GIVEN INFORMATION:
=======

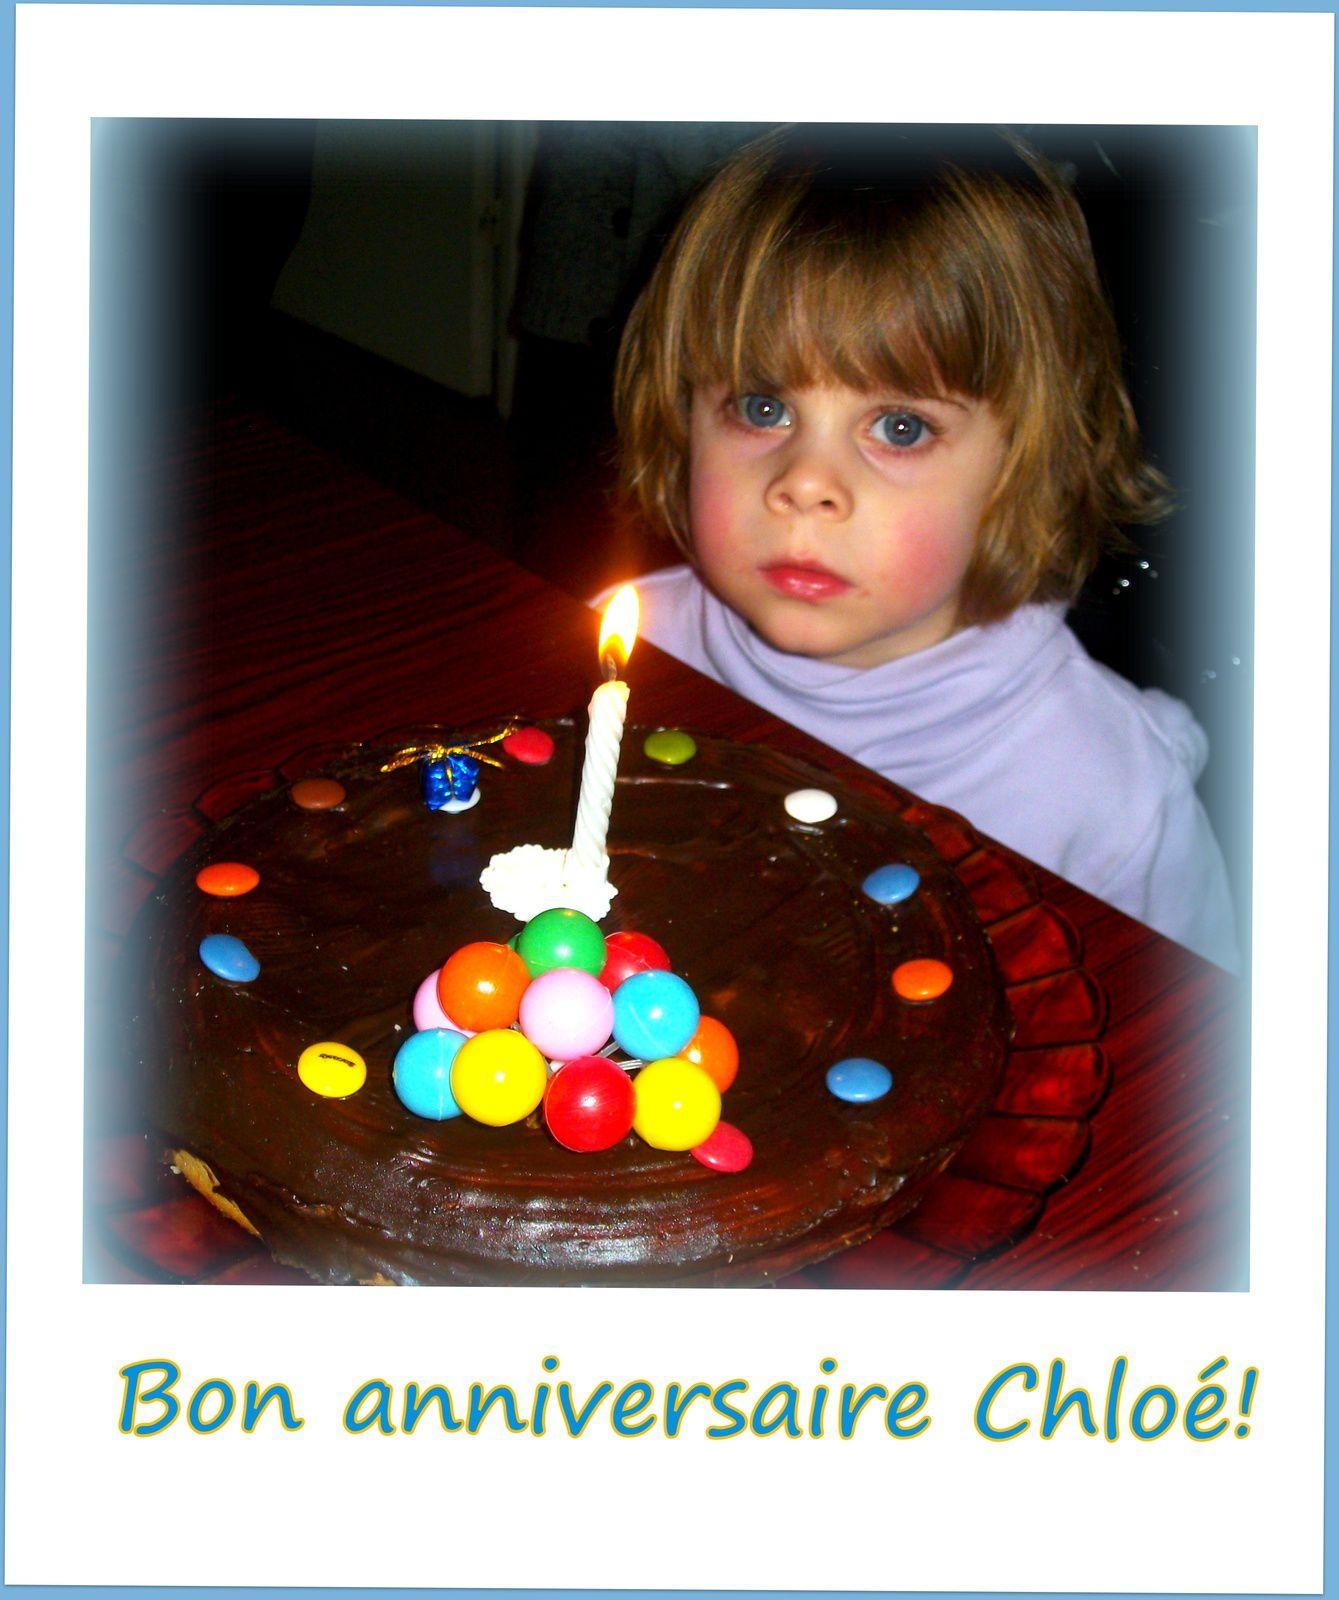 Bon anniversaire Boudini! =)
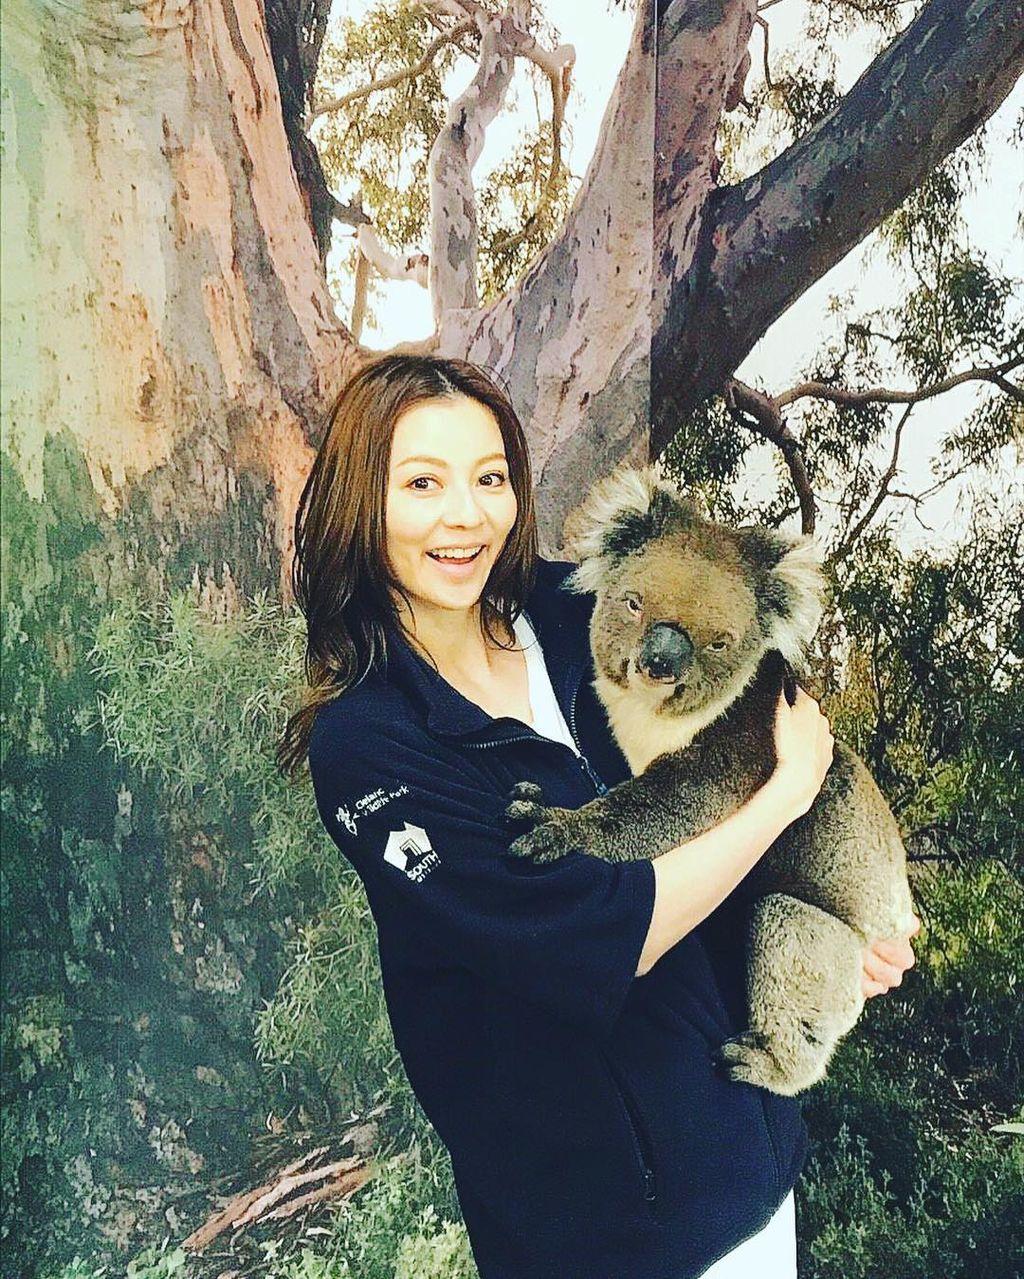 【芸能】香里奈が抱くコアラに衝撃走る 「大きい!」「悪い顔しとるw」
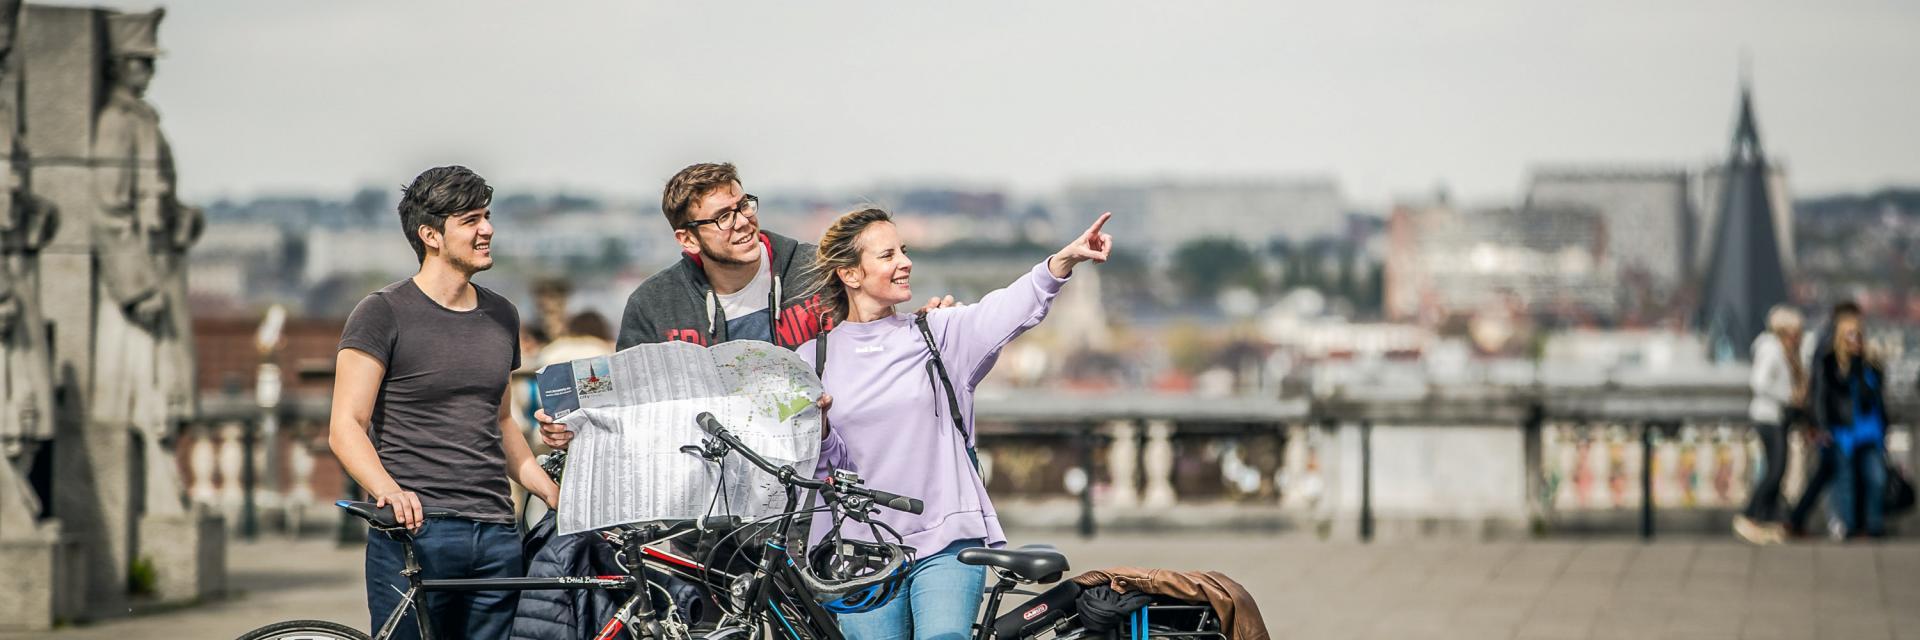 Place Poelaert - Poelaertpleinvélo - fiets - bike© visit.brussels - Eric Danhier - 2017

=======

TO DO:
The required output is the listing above reproduced exactly, pictures removed.

SOLUTION FOR THIS TASK:
 Bon anniversaire Boudini! =)
 【芸能】香里奈が抱くコアラに衝撃走る 「大きい!」「悪い顔しとるw」
 Place Poelaert - Poelaertpleinvélo - fiets - bike© visit.brussels - Eric Danhier - 2017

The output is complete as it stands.